I’ve heard the term three amigos used a lot as a great exercise for team collaboration. It seems that who the amigos are can vary a lot depending on team size to include developers, testers/QA, product owners, designers, etc.
Based on what I read, I have a few questions:
When does your team do their 3 amigos sessions?
Is it always 3 amigos or have you tried more?
How do you integrate this into day to day work? Is there time allowed in the sprint for this or is it structured so that there is a break between sprints to allow for this?
Do you use this approach for all features being developed?
If you can help me with any of the above questions, I’d really appreciate it
In our project, we have sprint planning session at the beginning of a new sprint where do backlog prioritization in the presence of developers, QA Tester ( i.e myself) and Business .
prioritization is done based on business benefit & criticality of the new feature in MVP .
So, we have integrated “Three Amigos” session within our Sprint Planning session.
In Agile process, all the 3 (developers, QA Tester and Business)and more(Product Owners and Stakeholders) work together to beautify the Product outcome.
In planning phase all the 3 amigos + Product Owner takes part to discuss on the requirements. At the end of each Sprint, they give business demo to stakeholders to get the feedback which can improvise the requirements.
Overall entire team works as one team in Agile world.
In past projects, the 3A meeting occurs after the story card is assigned. Typically, the tester, developer, and analyst attend. There is, occasionally, other amigos that join where it makes sense (training a new analyst or tester, perhaps someone providing automation).
The meeting is informal and focused. It is meant to last no more than 15 minutes. When story cards are well written, the meeting goes fast. I work with project managers to raise their awareness on the benefits of 3A meetings. After a few meetings, there is usually benefit demonstrated.
The primary outcome of this meeting is a shared, single understanding of the card. I encourage testers to express their assumptions and interpretations during this meeting.
When I attended a 3A meeting, I’ve been known to throw out some wild interpretations to get the conversation going.
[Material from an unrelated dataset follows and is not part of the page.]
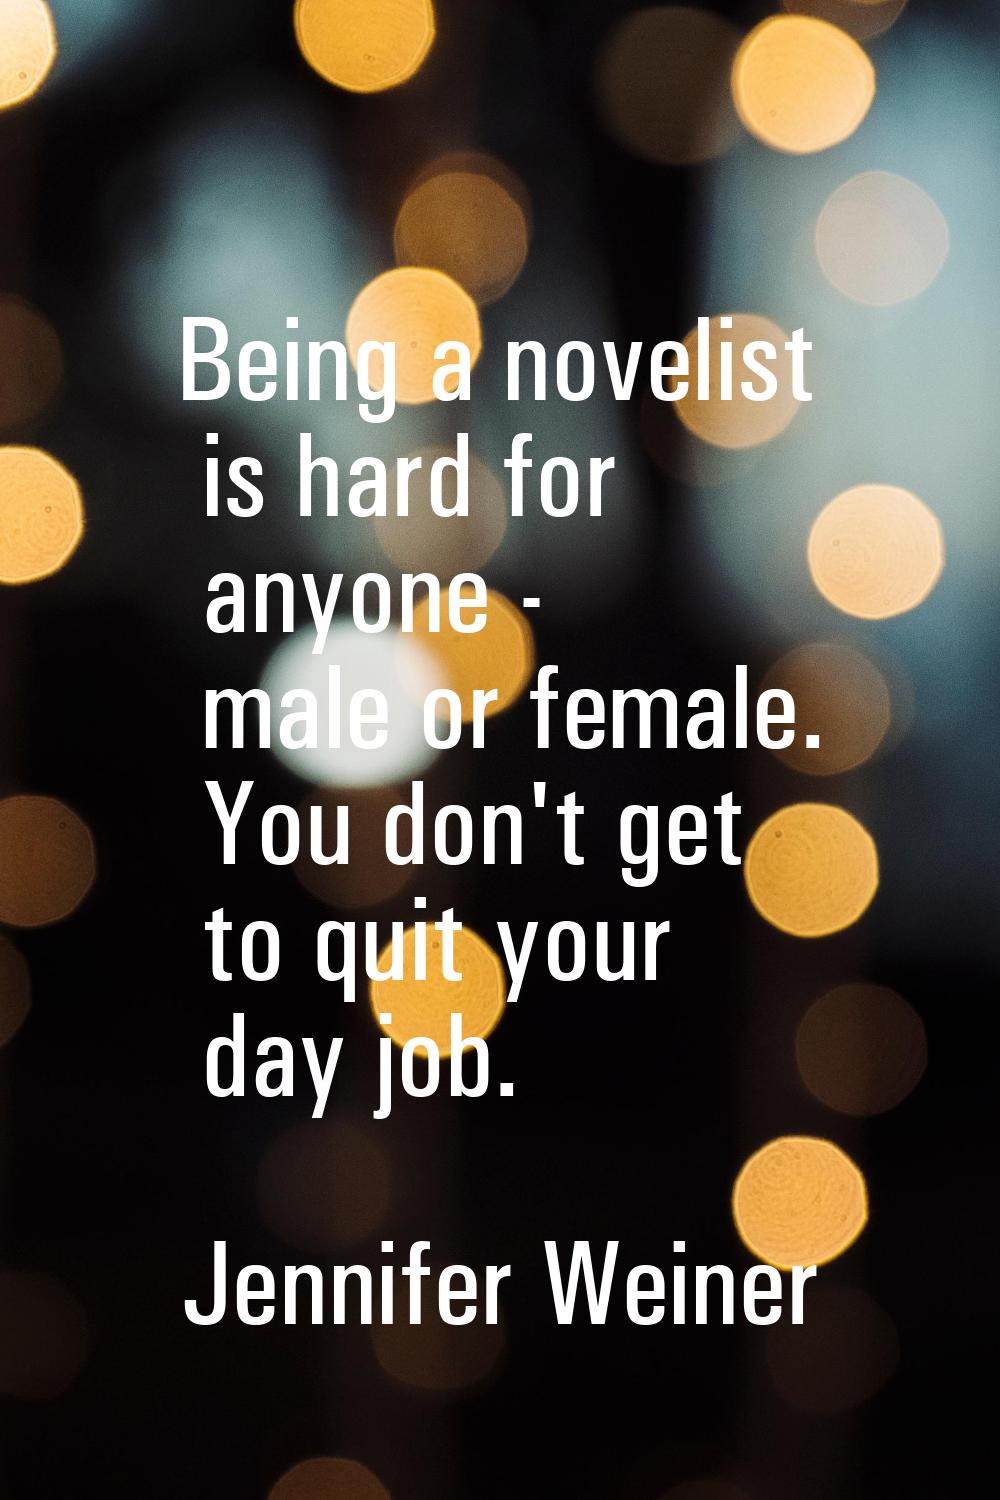 Being a novelist is hard for anyone - male or female. You don't get to quit your day job.

We have usually 4 Amigos: Dev, QA, OPS and PM. If the feature involves more than 1 component there might be more Dev and OPS involved. They were started to get rid of the monthly planning sessions where everyone was present but seldomly needed and turned them into 5-15m sessions for 4-6 people that are actually needed.
Since then they have undergone some big changes. They used to take place in the last week of the sprint and were organised by the Scrum Master. But other people usually knew better who was needed. Changing priorities messed with this system.
Now they just have to take place before a Dev can start to work on an item. They call the meeting at a convenient time for all participants. We have a list of questions that this meeting needs to answer. Any concept has to be approved by all Devs to not miss any possible side effects.
These meetings really helped avoid misunderstanding of what should be done, last minute needs for customer input, less bug found during testing (as edge cases/special behaviors are pointed out to Dev by QA in advance) and better testing (as we know how it’s implemented and everyone can add their ideas).
I consider the Three Amigos a great way to get Test involved in the requirements discussion and discovery.
When getting stories ready for the sprint. Might be when the story is created or as part of a sprint/feature planning. We also do it if the requirements need to change at any point. Such as when the tester and developer went down a different direction and discovered they both made assumptions on what an acceptance criteria would mean. So now it needs to be clarified and all three get together again.
More. You might have multiple customers you can be involved instead of a product owner. An subject matter expert may be involved but is not the developer or product owner. Or someone may be learning the process and so we will have two testers or two product owners.
Currently we have allocated planning time. In the past we had a weekly 30 minute meeting to go through any items in the backlog.